Comment 15 hreuver 2013-05-21 18:28:36 UTC
$ git bisect good
53e587aa5ca81497d0ea6e340320ec5778d1f311 is the first bad commit
commit 53e587aa5ca81497d0ea6e340320ec5778d1f311
Author: Chris Wilson <chris@chris-wilson.co.uk>
Date:   Thu Nov 15 11:32:18 2012 +0000

    drm/i915: Fix detection of base of stolen memory
    
    commit e12a2d53ae45a69aea499b64f75e7222cca0f12f upstream.
    
    The routine to query the base of stolen memory was using the wrong
    registers and the wrong encodings on virtually every platform.
    
    It was not until the G33 refresh, that a PCI config register was
    introduced that explicitly said where the stolen memory was. Prior to
    865G there was not even a register that said where the end of usable
    low memory was and where the stolen memory began (or ended depending
    upon chipset). Before then, one has to look at the BIOS memory maps to
    find the Top of Memory. Alas that is not exported by arch/x86 and so we
    have to resort to disabling stolen memory on gen2 for the time being.
    
    Then SandyBridge enlarged the PCI register to a full 32-bits and change
    the encoding of the address, so even though we happened to be querying
    the right register, we read the wrong bits and ended up using address 0
    for our stolen data, i.e. notably FBC.
    
    Signed-off-by: Chris Wilson <chris@chris-wilson.co.uk>
    Signed-off-by: Daniel Vetter <daniel.vetter@ffwll.ch>
    [bwh: Backported to 3.2: adjust filename, context]
    Signed-off-by: Ben Hutchings <ben@decadent.org.uk>

:040000 040000 323812cac24bd796efa71220b496ee5a2a00d298 101967a69bc453f845daf3a7a3024ebd932984dc M      drivers
Comment 16 Daniel Vetter 2013-05-21 18:48:02 UTC
Hm, that's interesting.
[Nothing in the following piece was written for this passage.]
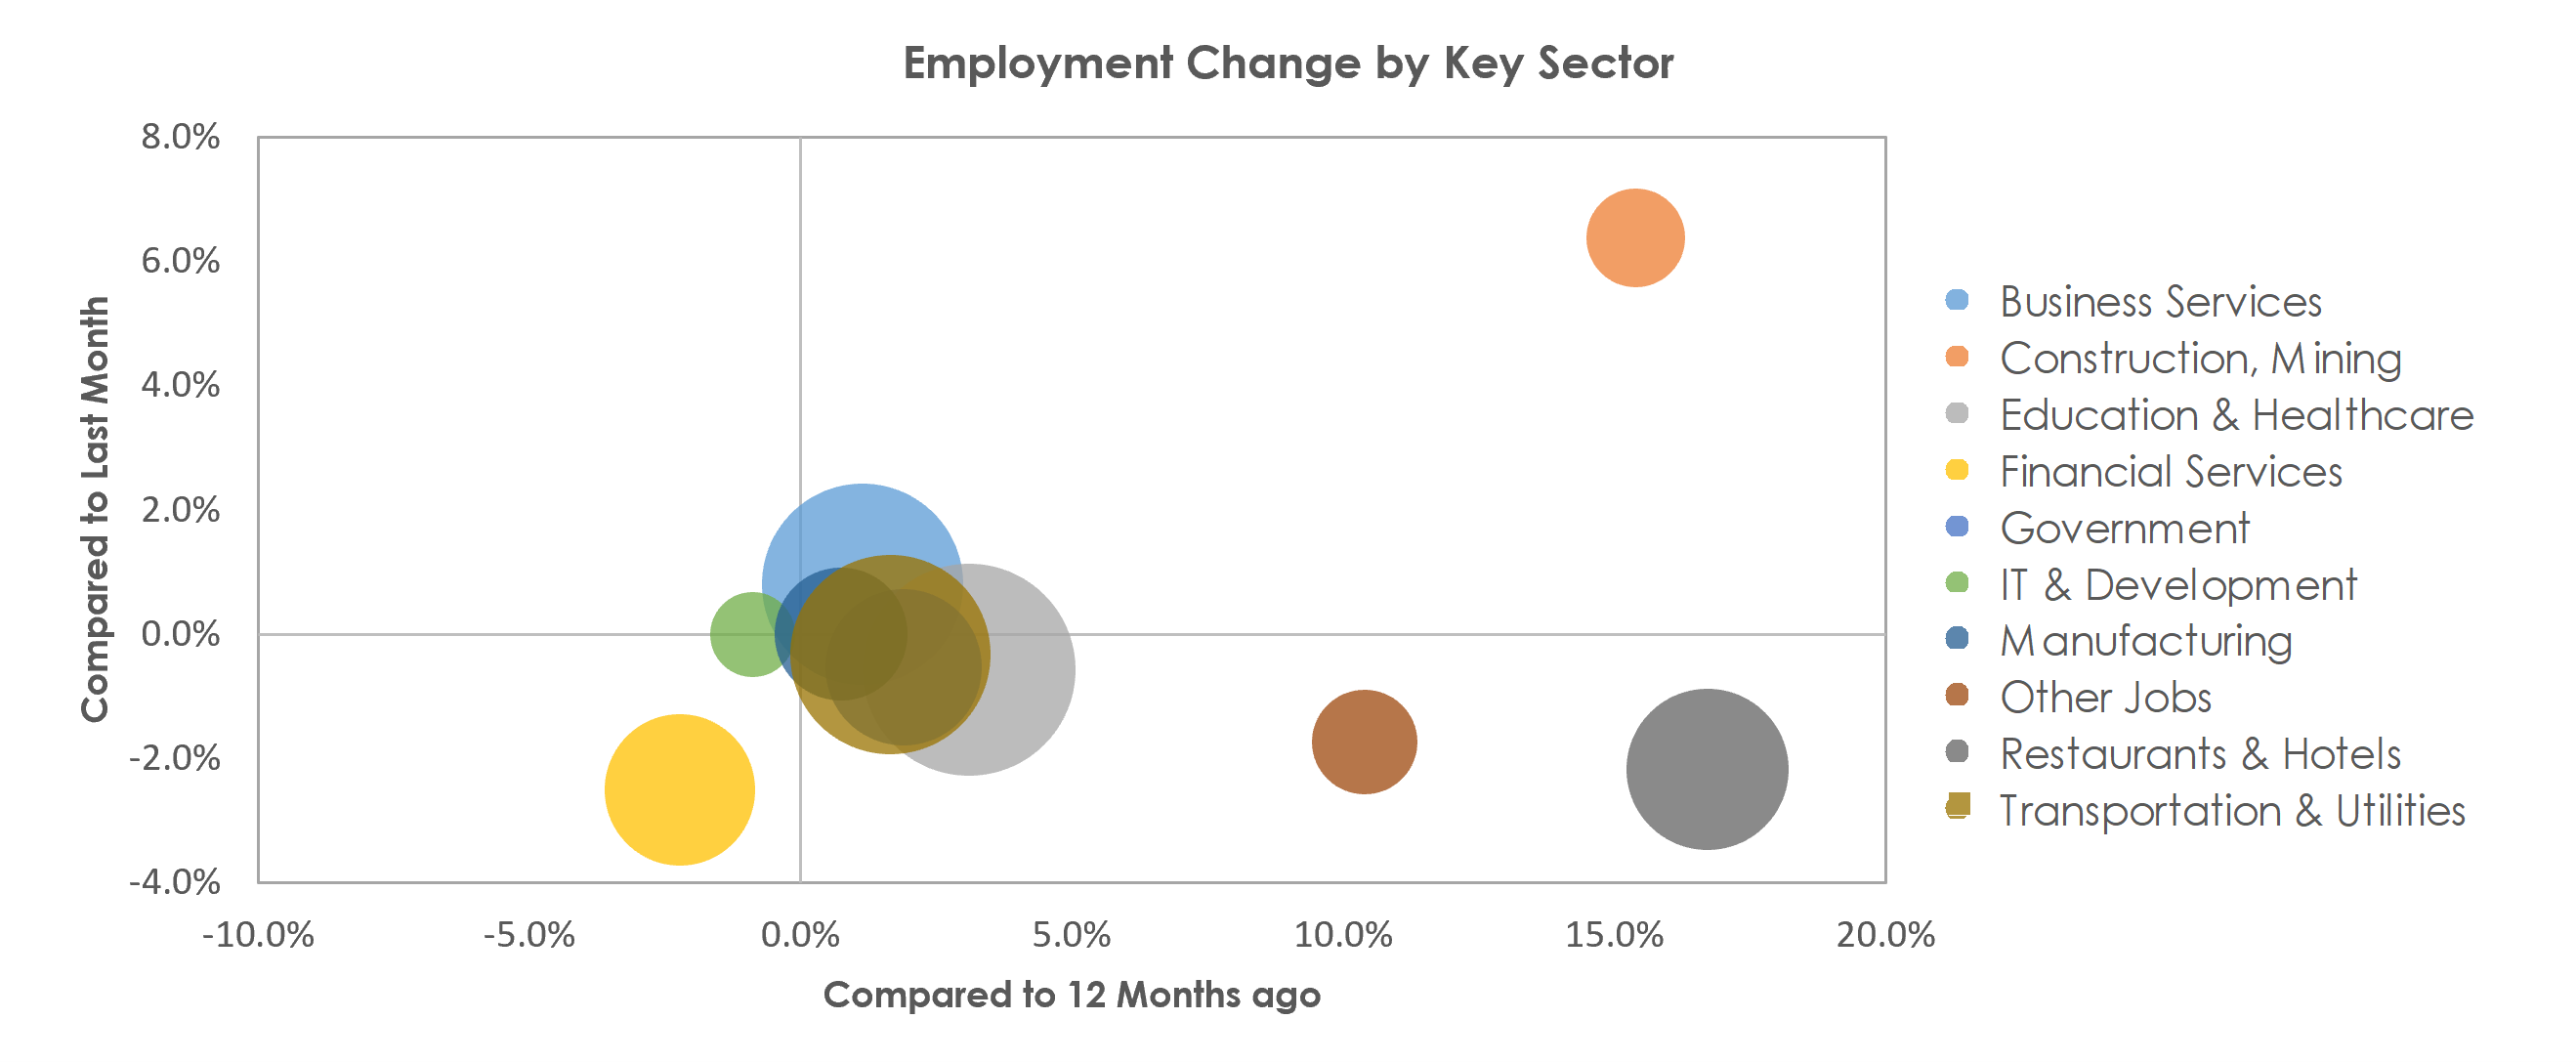 Bridgeport-Stamford-Norwalk, CT Unemployment by Industry August 2021

Can you please test 3.9.x also to check whether this regression is due to backporting into 3.2.x kernels or a general issue with the upstream code?

I suspect the former since the code seems to work on most upstream systems and shouldn't even be used on 3.2 for anything at all.
Comment 17 Chris Wilson 2013-05-21 18:59:19 UTC
Oh,I see the problem now. The stray 'return 0' from moving the code from i915_gem_init_stolen to i915_load_gem_init.
Comment 18 hreuver 2013-05-21 20:09:08 UTC
See comment #12: "3.9.3 works fine".

Thanks for your support.
Comment 19 Daniel Vetter 2013-05-21 20:24:47 UTC
(In reply to comment #18)
> See comment #12: "3.9.3 works fine".

Oops, I've tried to look for it but failed to find it. I'll send a mail to the 3.2 stable maintainer asking him to revert this patch. That should take care of things.

Thanks a lot for reporting this issue.
Comment 20 Daniel Vetter 2013-05-21 20:26:22 UTC
*** Bug 58151 has been marked as a duplicate of this bug. ***
Comment 21 Daniel Vetter 2013-05-21 20:28:25 UTC
Since I'll like loose track closing. Please yell if the revert doesn't land in a 3.2.x release soon.
Comment 22 Nix\ 2013-05-23 05:45:46 UTC
3.9.2 works fine.
@Daniel Vetter, please gime the patch for test in 3.2.44 and confirm.
Comment 23 Nix\ 2013-05-23 06:41:13 UTC
@Daniel Vetter

I can confirm. Using the commit 53e587aa5ca81497d0ea6e340320ec5778d1f311 as
.patch file, the bug is solved:


[root@nix linux-3.2.45]# patch -R -p1 < patch-revert-i915.patch 
patching file drivers/gpu/drm/i915/i915_dma.c
patching file drivers/gpu/drm/i915/i915_drv.h
patch unexpectedly ends in middle of line
Hunk #1 succeeded at 581 with fuzz 1.


Boot with screen, fb, backlight control and resolution ok.